Vân Canh is a former rural district (huyện) of Bình Định province in the South Central Coast region of Vietnam. The district capital is Vân Canh. Vân Canh is a mountainous district, located in the southwest of Bình Định Province, and is relatively sparsely populated.

== Geography ==
Vân Canh borders Đồng Xuân district of Phú Yên province to the south, the districts of An Nhơn, Tây Sơn and Tuy Phước to the north, and Kông Chro district of Gia Lai province to the west.

Hà Thanh River's source is within the district and flows through it.

== Administrative divisions ==
There is one town, Vân Canh, and six communes: Canh Hòa, Canh Thuận, Canh Hiệp, Canh Hiển, Canh Vinh and Canh Liên.

== Demography ==
There are three ethnic groups living in the district: Kinh, Cham people and Ba Na. The Cham are mainly concentrated in Canh Hoà, and the Ba Na in Canh Liên, Canh Thuận and Canh Hiệp, where they exceed 40% of the total population.

The Cham people settled in the mountainous area along with the indigenous tribes after the kingdom of Champa was dismantled in 1471. As a result, the Cham have adopted many facets of Ba Na culture.

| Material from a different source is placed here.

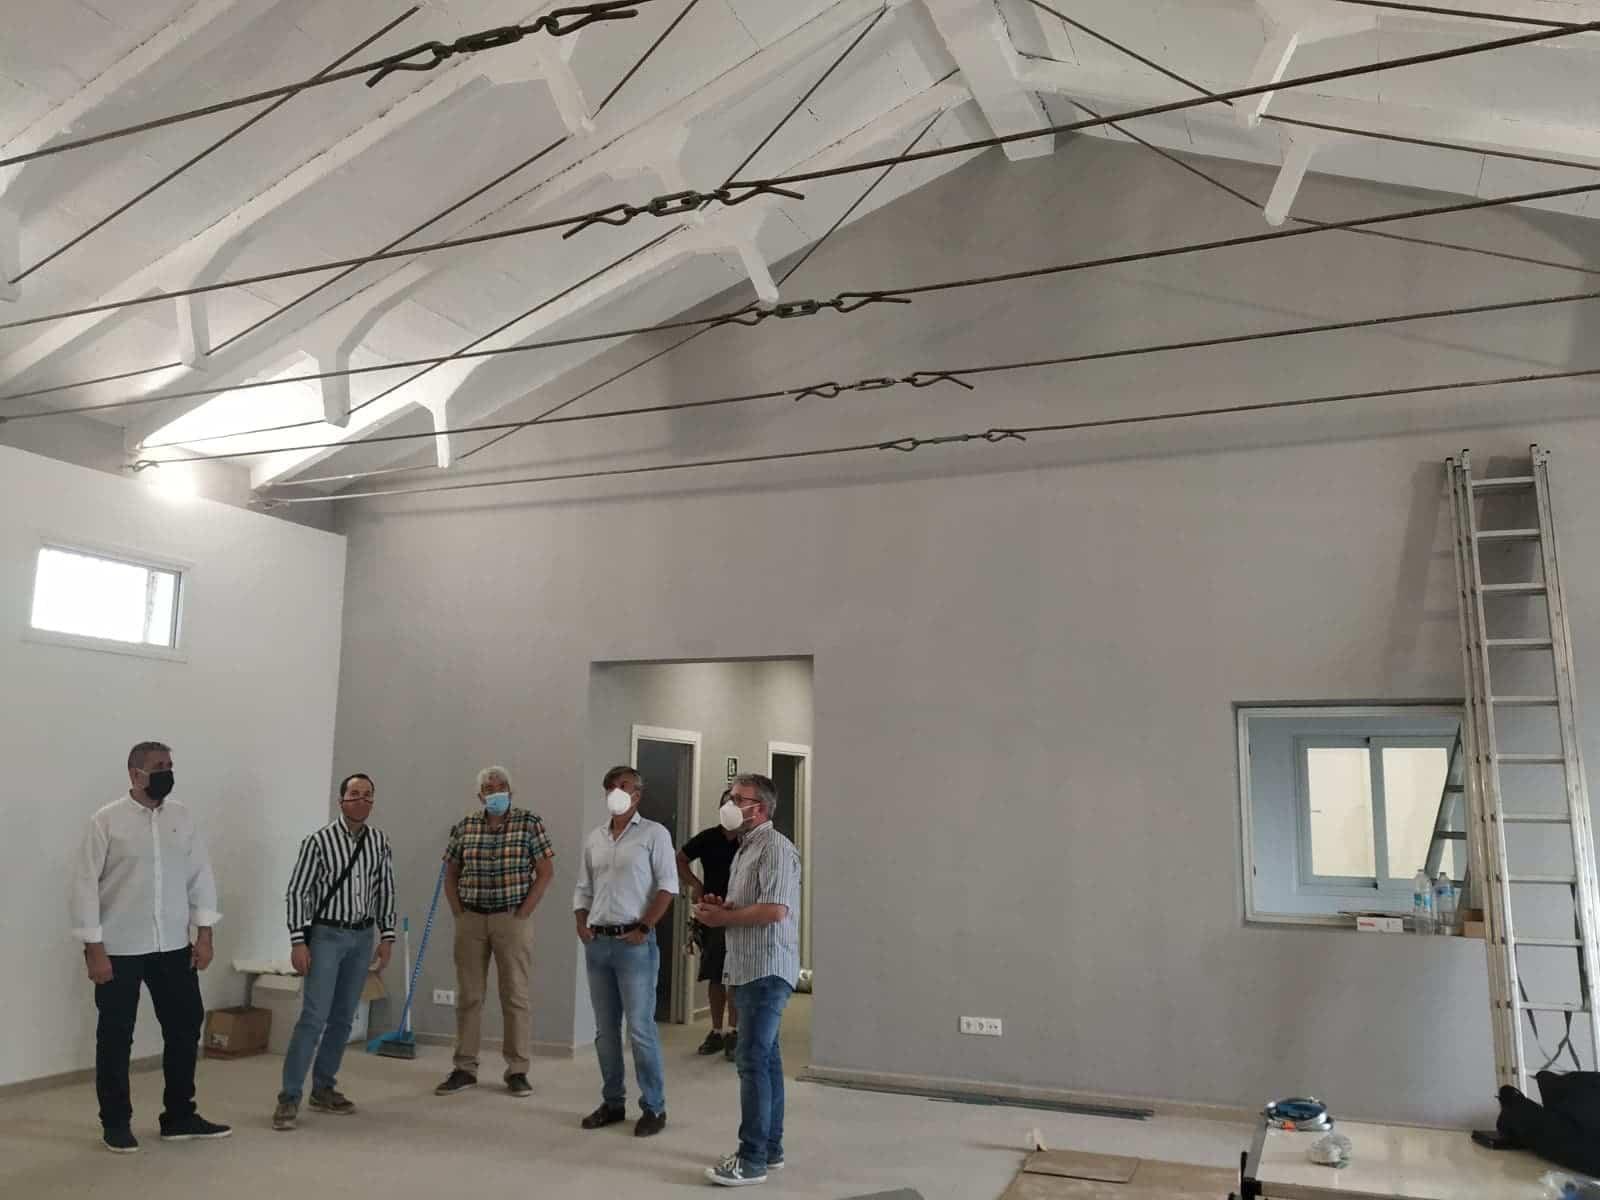 obras en silo herencia quesalia - El Centro de Interpretación del Queso herenciano abrirá en próximo año
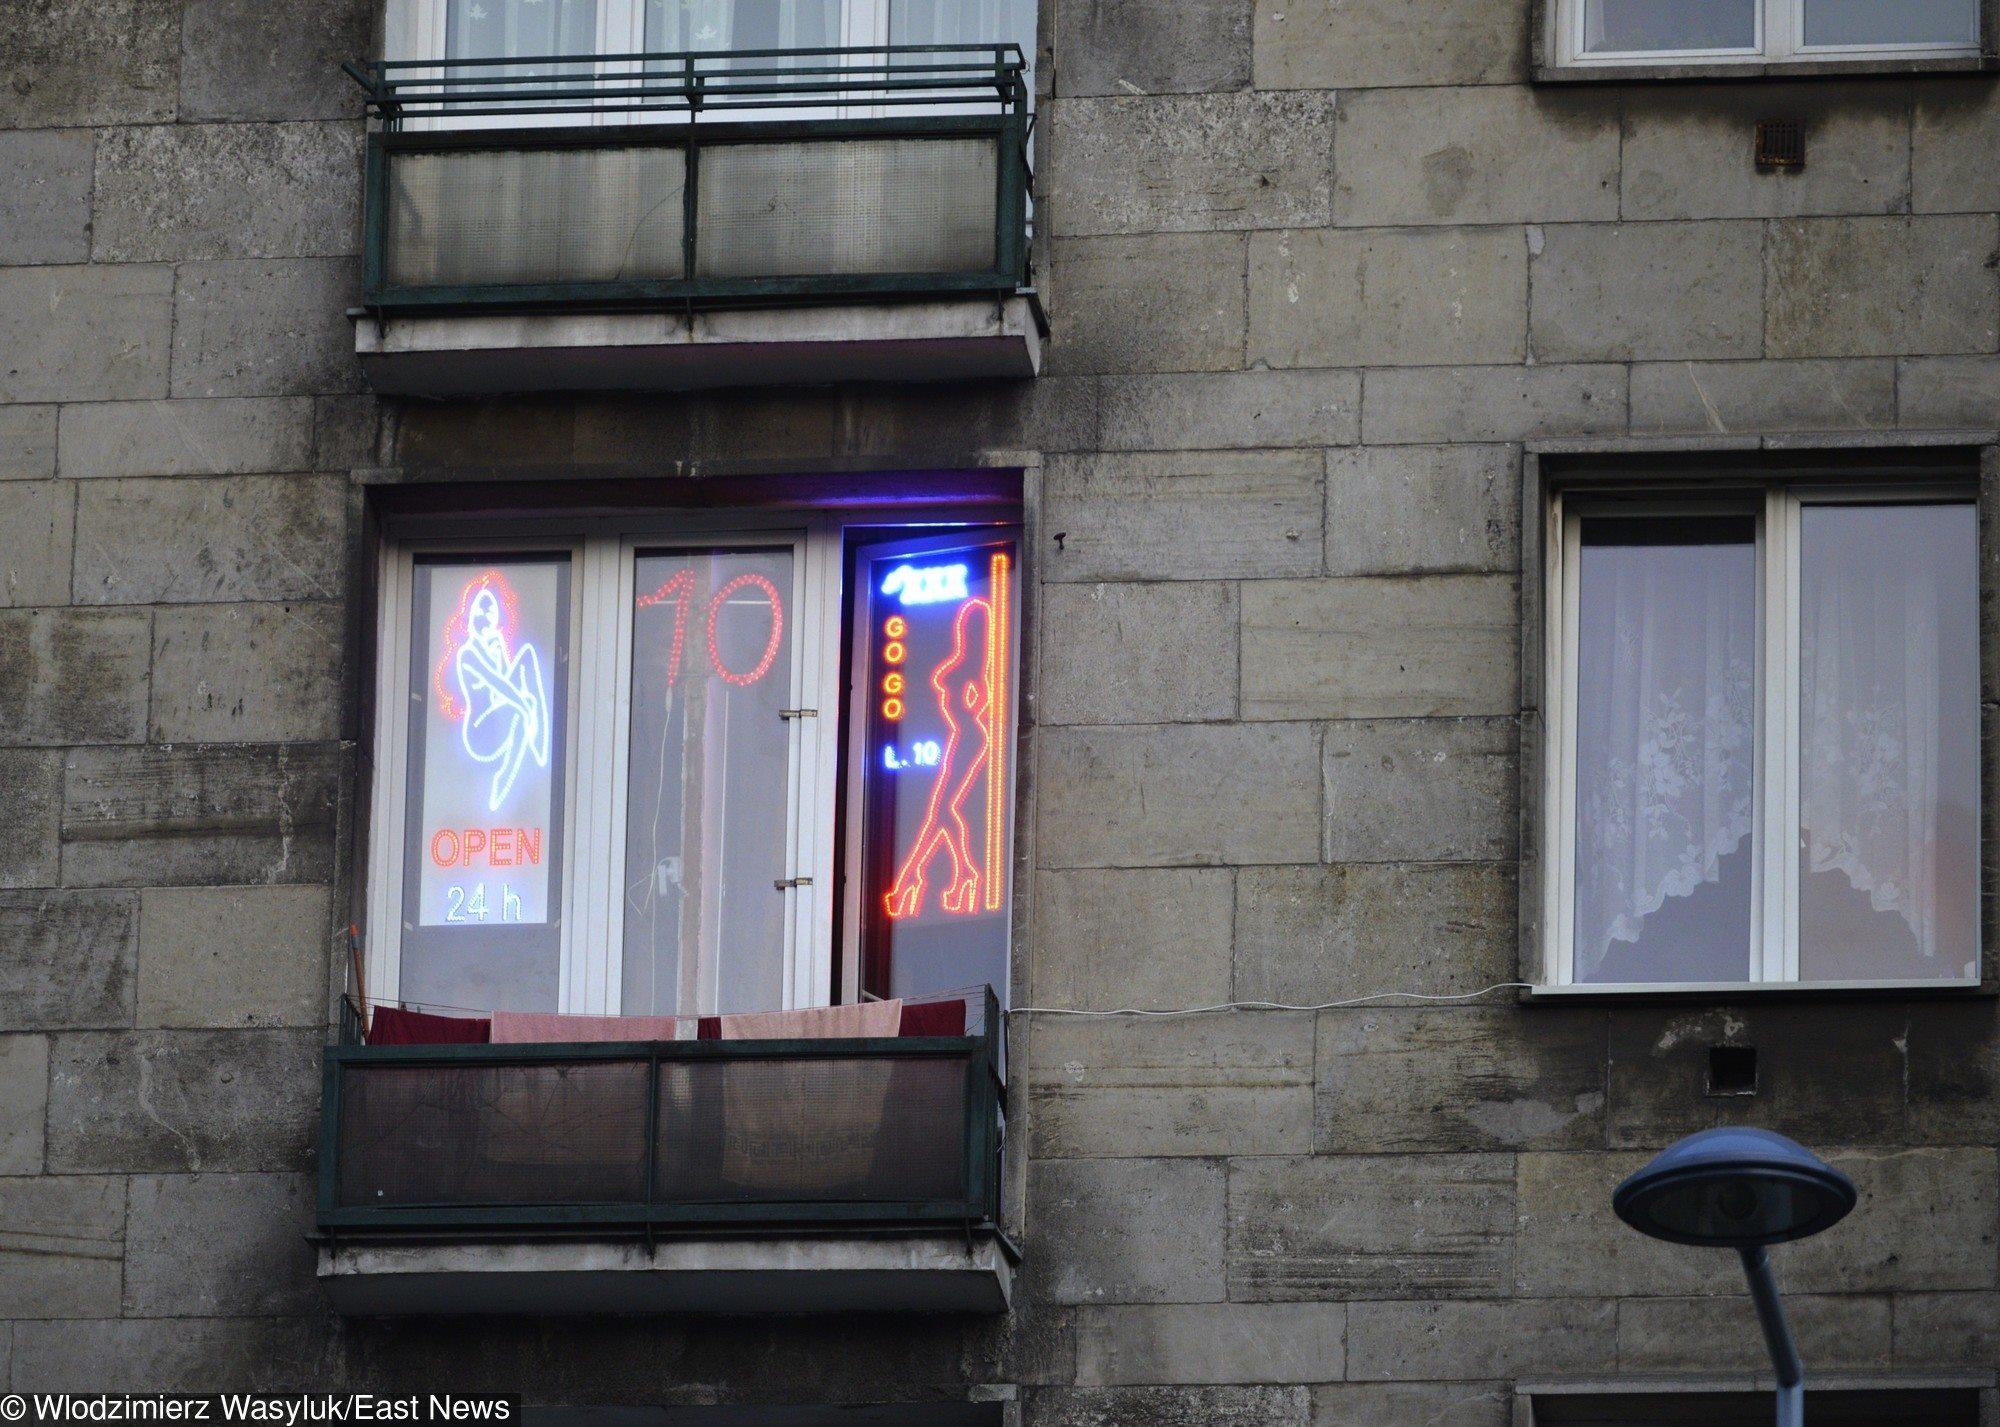 0829331a28480 ... że 24 grudnia do szpitala w Rzeszowie trafił 44-latek z ranami kłutymi  na penisie. Mężczyzna dzień wcześniej umówił się z dwiema prostytutkami.

== Transport and economy ==
Most of the communes of Vân Canh District lie on provincial road 638 between Diêu Trì and Phú Yên province. Transport facilities have improved in recent years, allowing increasing economic activity and development. However, infrastructure in the remote Canh Liên commune in the west of the district is still primitive.

Vietnam's North–South Railway passes through this district. However, there is no railway station.

The standard of living is low, and the poverty rate high. The land is rather infertile and a lack of irrigation water compounds the poor productivity. In recent years, the sugar cane industry has developed substantially, and the sugar cane factory of Bình Định has grown, producing more economic opportunities. The area has a lot of idle grassland that can be exploited for grazing. The area has abundance of natural forests as well as planted ones.